Comparative example 2: Polymer membrane according to WO2014/064255 A comparative polymer membrane of 5 layers of PMAA and PVP has been made according to example 1 of WO2014/064225.

The surface shear storage modulus G' of the obtained global layer has been measured as in example 2 above.

The value was about 0.2 N/m at 1 rad/s. Example 3: Capsules and manufacture thereof

Hereafter is described the assembly around oil droplets of the polymer membrane of Example 2, for encapsulation purposes.

Material and methods

Emulsions have been prepared in vials by gently pouring 6 mL of water-based solution and then 4 mL of oil-based solution as described in Example 2. An Ultra-Turrax disperser (IKA) was used to form an emulsion with a speed of 20000 rpm during 30 seconds.

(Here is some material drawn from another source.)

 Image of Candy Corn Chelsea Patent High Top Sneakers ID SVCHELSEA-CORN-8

The microfluidic device was first designed with a dedicated software (Clewin) and printed on a mask. Then a SU-8 negative photoresist resin (Micro Chem) was spin-coated with the desired thickness on a silicon wafer. Two-layer lithography were used with no intermediate step (Leman, M. et al., Lab on a Chip, Vol. 15, 2015, pp. 753-765). The obtained silica mold was filled with PDMS (poly(dimethylsiloxane)) (Sylgard 184, Dow Corning) mixed with 10% (w/w) curing agent and incubated at 70°C for about 4 hours. The PDMS was peeled off the mold and the entrances and exits were punched with a 0.5 mm-diameter Harris Uni-Core biopsy punch (Electron Microscopy Sciences). The PDMS was finally sealed to a glass slide with a PDC-002 oxygen plasma cleaner (Harrick Plasma). Every entrance or exit of the chip was connected through PEEK (poly(etheretherketone)) tubings to a small vial. Applied pressures in vials (about 400 mbar) were controlled by a MFCS pump (Fluigent).

Results First, centimeter-sized capsules have been produced by gently dripping oil drops containing PPO into a water phase containing PMAA (Figure 4-a).

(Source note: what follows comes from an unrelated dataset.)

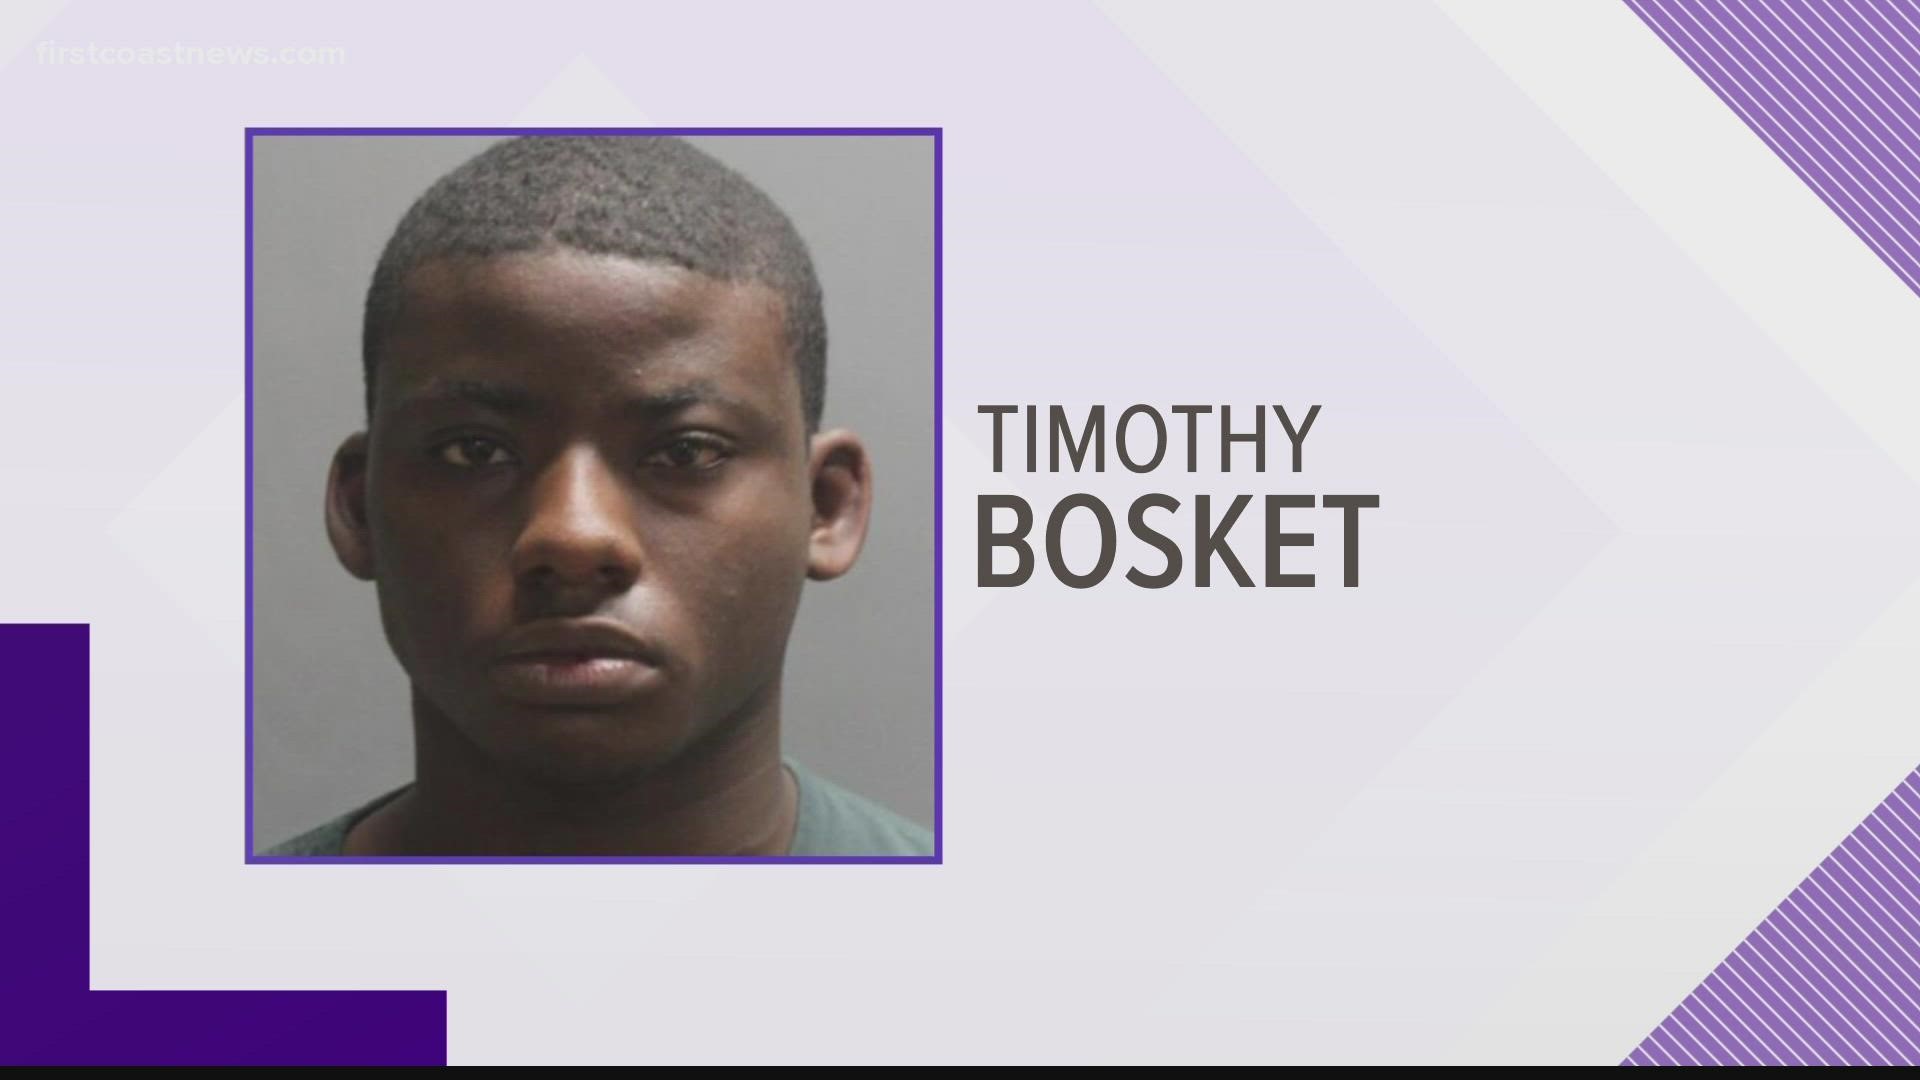 Police announced Monday they arrested 18-year-old Timothy Bosket in connection with the shooting.

Secondly, using a rotor-stator homogenizer and by shearing the two fluid phases containing the polymers, capsules with a diameter of 25 μιη + 10 μιη (Figure 4-b) have been manufactured. This one-step process enables the preparation of microcapsules that are stable for months.

Thirdly, microfluidics was used to produce a monodisperse population of micron-sized capsules. The microfluidic chip was composed of a flow-focusing unit where oil droplets containing PPO were produced in a pure aqueous phase to avoid fast interfacial complexation at the constriction, which may plug the flow-focusing unit. The PMAA solution was then added right after to trigger the interfacial complexation at the oil- water interface. The capsules were finally collected in a chamber with a filter made by two-layer lithography, where they can be stored during several days (Figure 4-c). This semi-permeable filter being permeable to the external aqueous phase but not to capsules, allows to increase the capsule concentration. Even in close contact to each other, all capsules presented a unique stability compared to standard surfactant- stabilized emulsions and no coalescence was observed. It is especially the case for the centimeter- sized droplets which are known to be very difficult to stabilize, as the coalescence probability increases with the droplet size. Without being linked to any theory, the Applicant believes that the high interfacial rigidity of the polymer membranes protects the assembly against coalescence.

Interestingly, when increasing the pH from 3 to 6, it was observed that the shell of the capsule progressively dissolves, so that at a pH value of 5.5, the oil core of the capsule is released from the capsule. This property will advantageous when designing capsules wherein the core is intended to be released in acidic conditions.